To properly organize your diet for the fairer sex you should focus on dishes, the composition of which includes:

  • Eggs. A medium sized product contains up to 17% protein. In addition, eggs have a high biological value, supplying the body with nutrients and amino acids.
  • Cottage cheese. Contains up to 14% protein. The advantage of the product in question over its counterparts is the fact that more time is required from the body for its assimilation. This allows a woman, having eaten cottage cheese before going to bed, to feel full all night and not wake up from feeling hungry or acute discomfort in the stomach in the morning.
  • Milk. It is not recommended to give preference to non-fat versions of the product, since in this case the risk of losing some of the nutritional properties of milk after a multi-stage processing system increases.
  • Cheese. Despite the high protein content - up to 30%, the cheese contains a large amount of fat, which increases the calorie content of the product, and creates the need to control the amount in its consumption, especially for women who want to lose weight.
  • Chicken or turkey. The optimal product in terms of the ratio of protein concentration and the ease of assimilation by the body.
  • Young beef. Not older than 2 years. The most useful is beef in boiled or stewed form.
  • Liver. Contains up to 25% protein, which is the maximum possible in principle. In addition, the benefits of the liver include its low cost and minimal calories.The daily protein intake for women with weight loss, muscle growth, after 40-50 years, during pregnancy
  • Fish of white and red varieties.
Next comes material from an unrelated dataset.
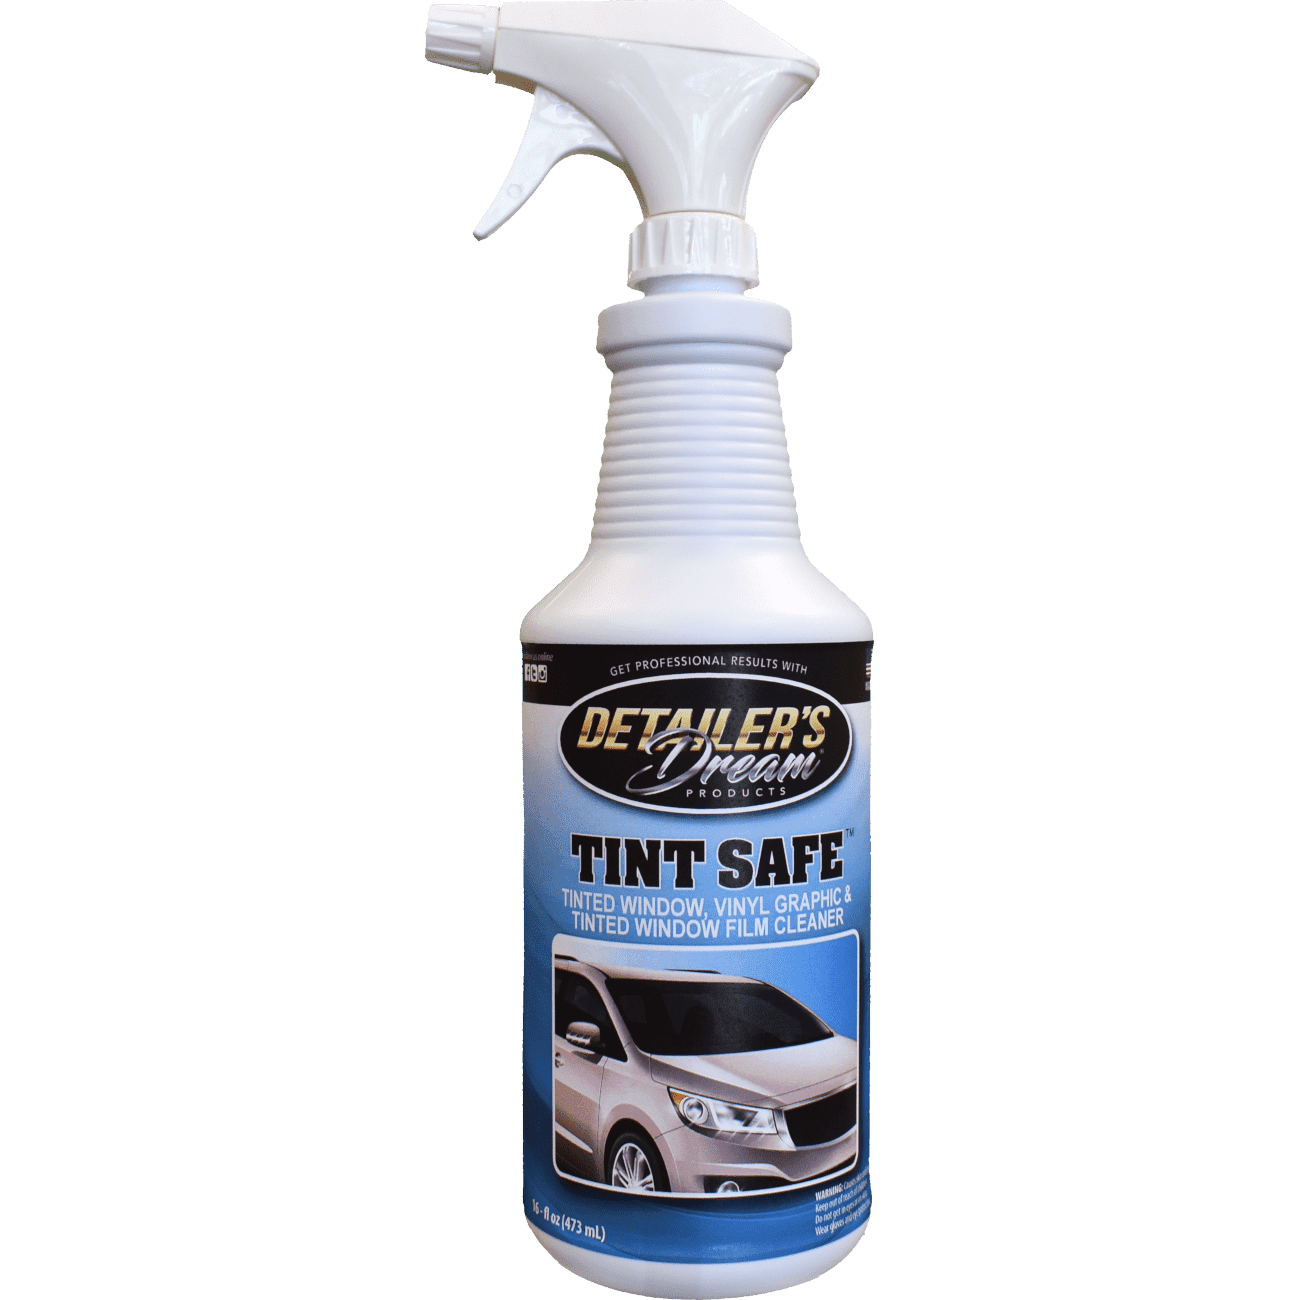 Cleaning Tinted Car Windows, Car Care Products

It is recommended to give preference to salmon, mackerel, tuna and steam to preserve the maximum amount of beneficial nutrients in it.

Should I take supplements?

The amount of protein recommended for women during the day often causes difficulties in organizing the diet. In the absence of the ability to gain the required amount of protein through conventional foods, nutritionists recommend that women include sports supplements in their menu.

Protein powder is mixed with milk, water or yogurt and supplies the body with the necessary amount of nutrients.

The supplement is absolutely harmless and is dangerous for the female body only if it is consumed in excess. The negative effect can be triggered by the large volume of nitrogen contained in the protein isolate and excreted only with urine. Its surplus overstrains the kidneys and bladder, forcing them to work "to wear and tear."

The daily rate of protein and other nutrients consumed per day is determined for each woman on an individual basis. The calculation is influenced by the state of human health, age, lifestyle, as well as the desire to transform your body externally.

Realizing how important it is to follow the recommendations for the consumption of protein foods, a woman can avoid the occurrence of serious diseases by timely reorganizing her diet.